Data entries
---+---

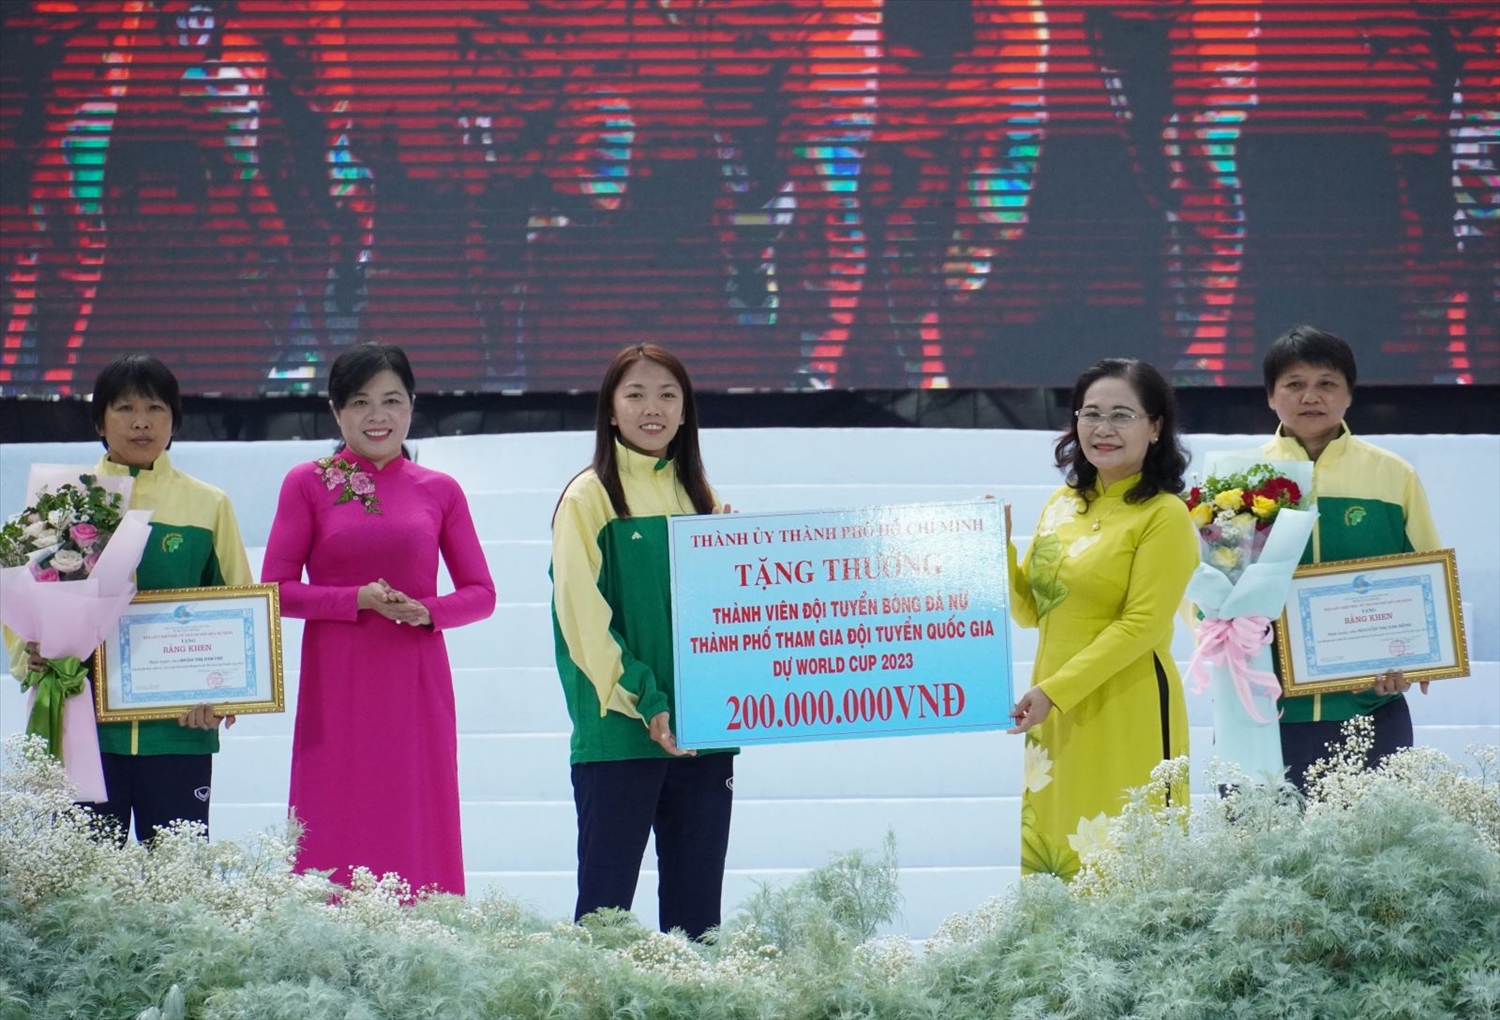 Bà Nguyễn Thị Lệ, Chủ tịch HĐND TP Hồ Chí Minh, đại diện Thường trực Thành ủy trao thưởng đột xuất cho đội bóng đá nữ Thành phố Hồ Chí Minh.
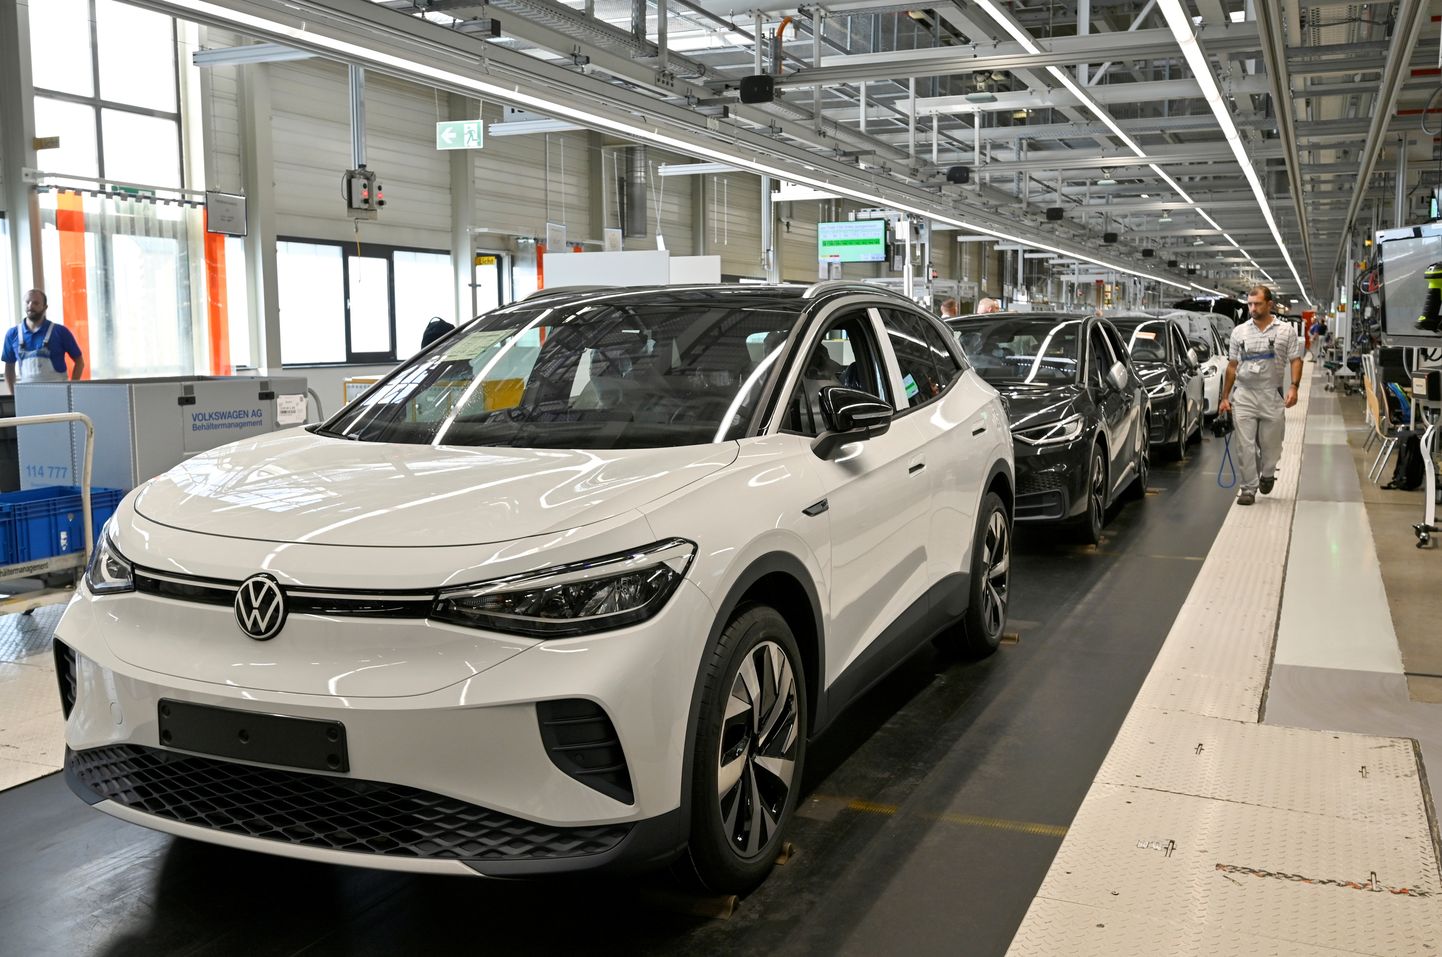 Volkswagen elab mikrokiipide defitsiiti raskelt üle. Pildil Volkswageni tootmisliin.
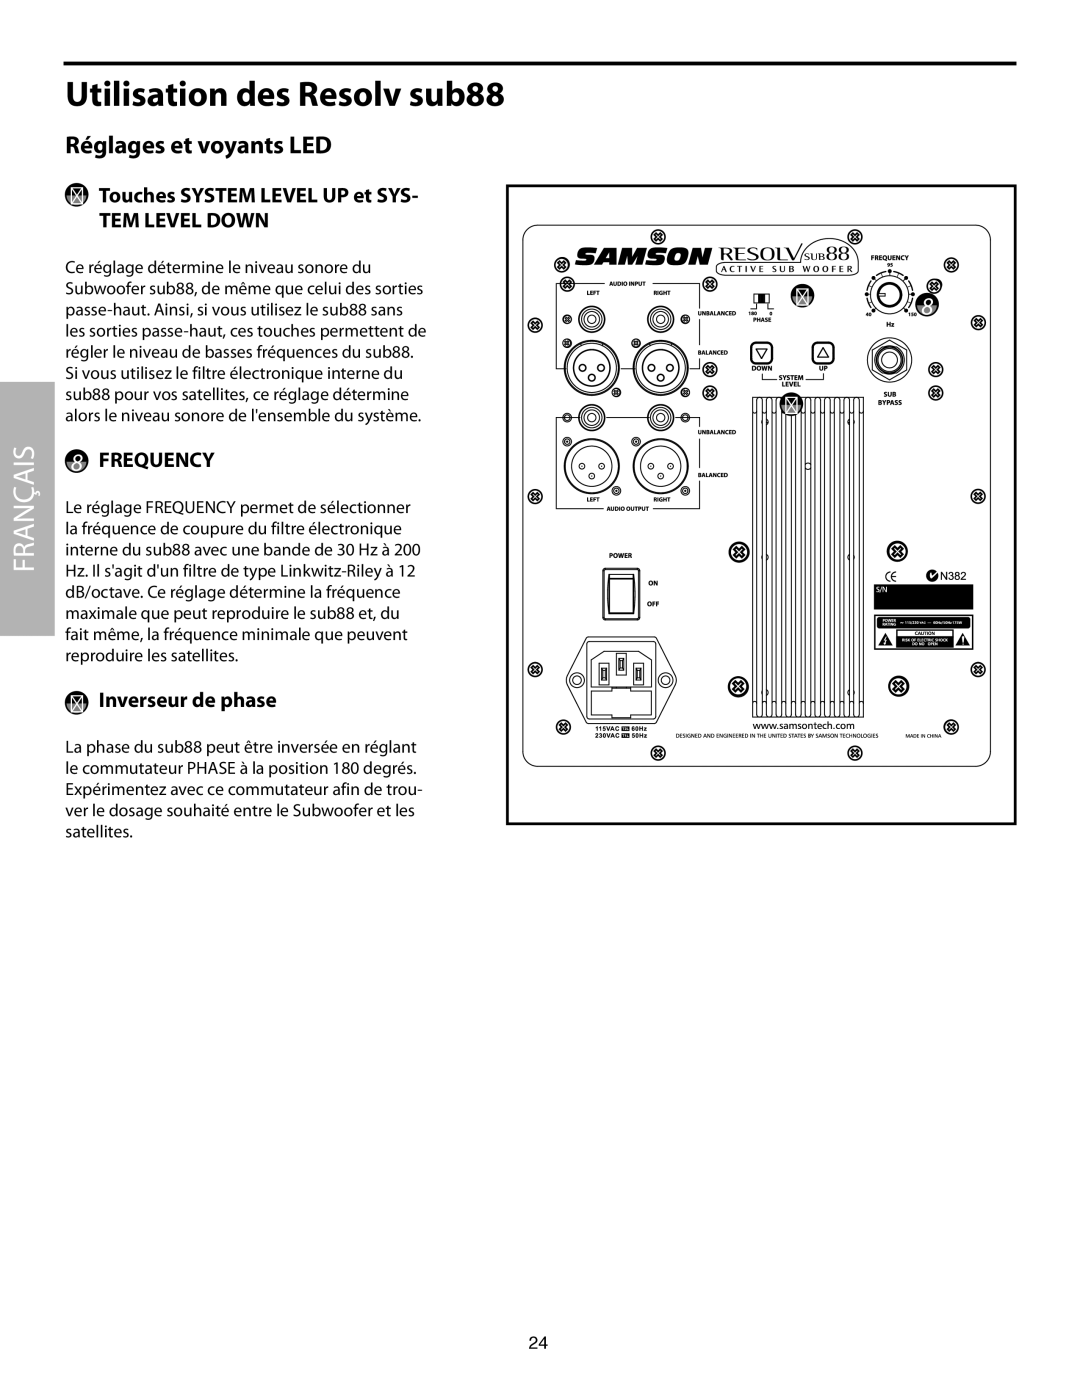 Samson SUB88 manual Réglages et voyants LED, Touches System Level UP et SYS- TEM Level Down, Inverseur de phase 
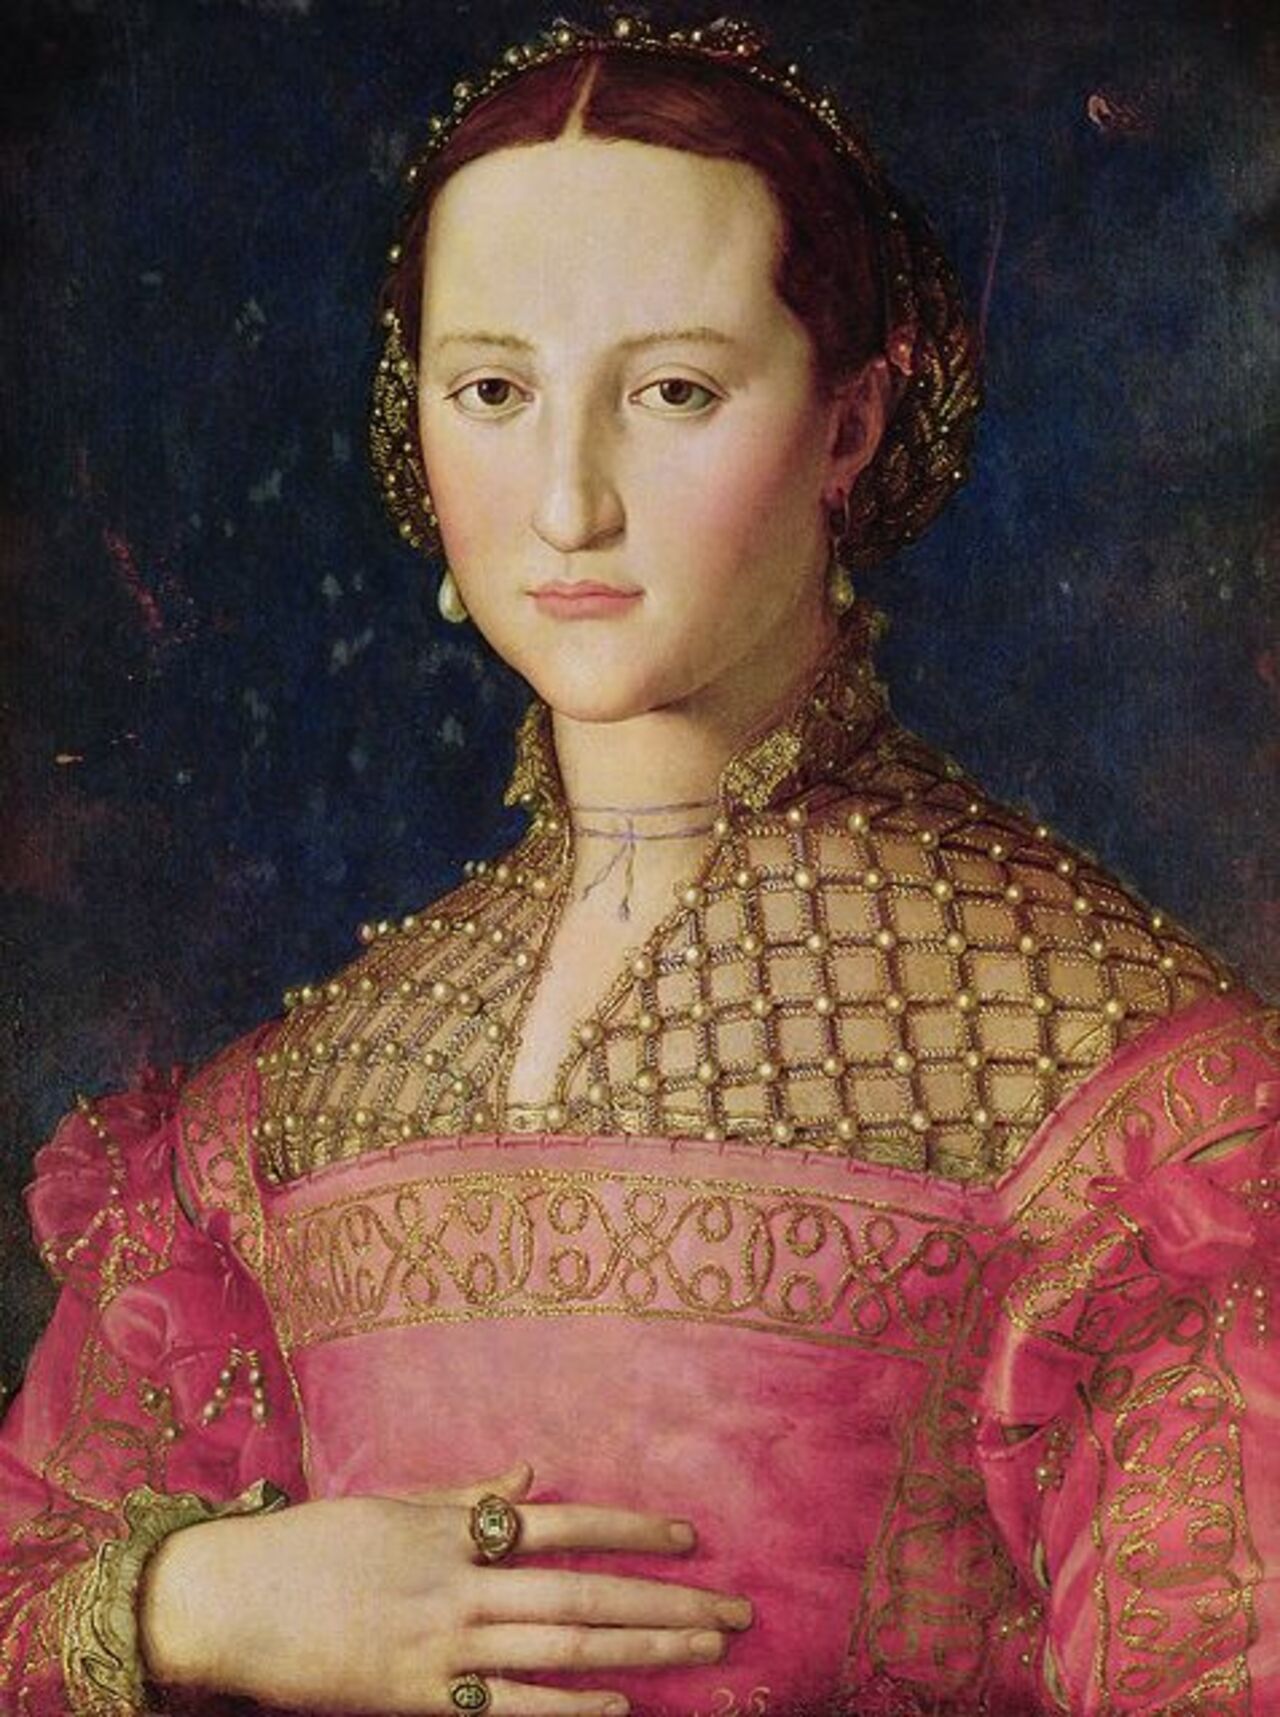 Portrait of Eleonora di Toledo by Agnolo di Cosimo ("Il Bronzino," Italian, 1503-1572), 1545. http://t.co/tqAPA4HckC
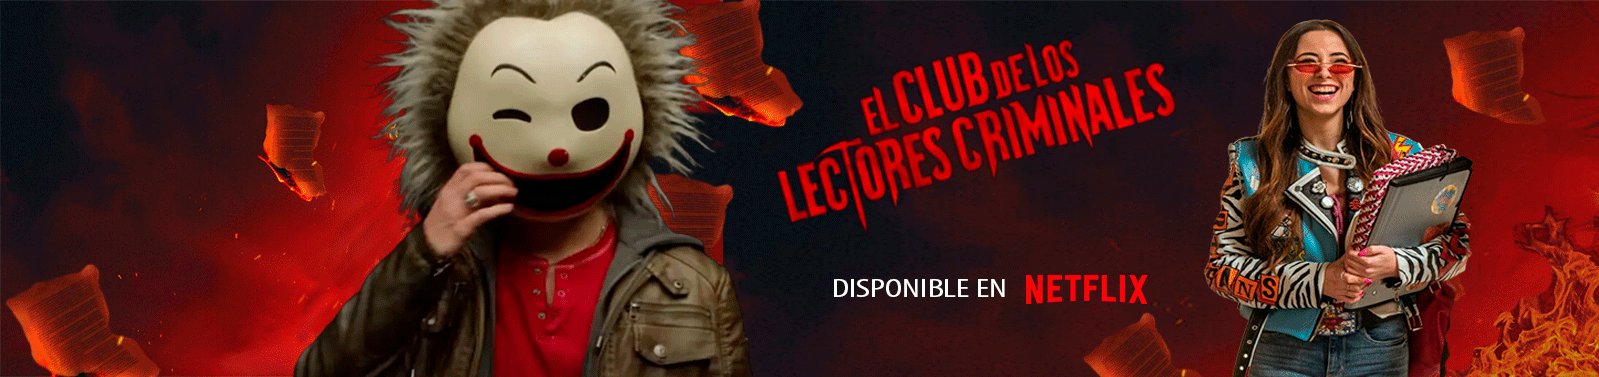 Ane Rot estrena 'El Club de Los Lectores Criminales' en Netflix
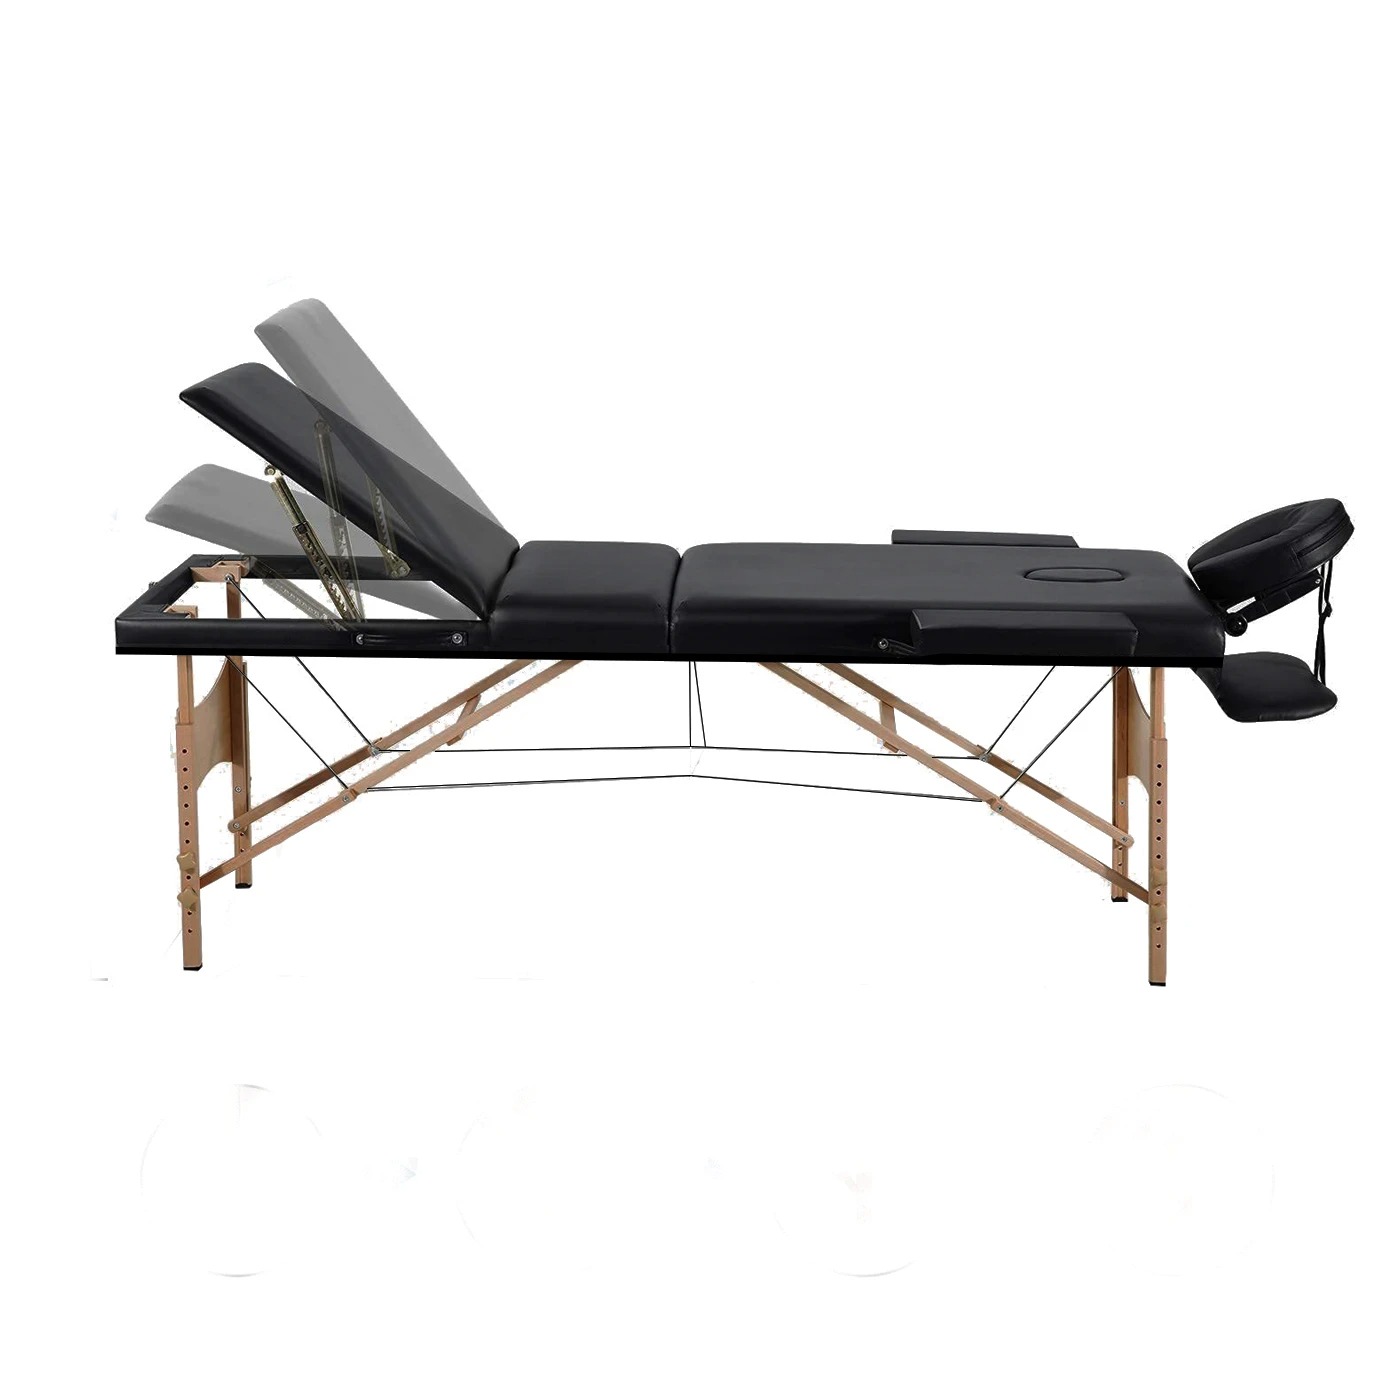 Camilla de masaje portátil ajustable de 3 cuerpos Foto 7187688-3.jpg

---+---

▸ **WORK TO COMPLETE**
The lines from the one with "Samson SUB88 manual" to the end of the data above should be retyped exactly, both ends included, and pictures are to be left out.

▸ **ANSWER TO THIS EXERCISE**
 Samson SUB88 manual Réglages et voyants LED, Touches System Level UP et SYS- TEM Level Down, Inverseur de phase 
 Portrait of Eleonora di Toledo by Agnolo di Cosimo ("Il Bronzino," Italian, 1503-1572), 1545. http://t.co/tqAPA4HckC
 Ane Rot estrena 'El Club de Los Lectores Criminales' en Netflix
 Camilla de masaje portátil ajustable de 3 cuerpos Foto 7187688-3.jpg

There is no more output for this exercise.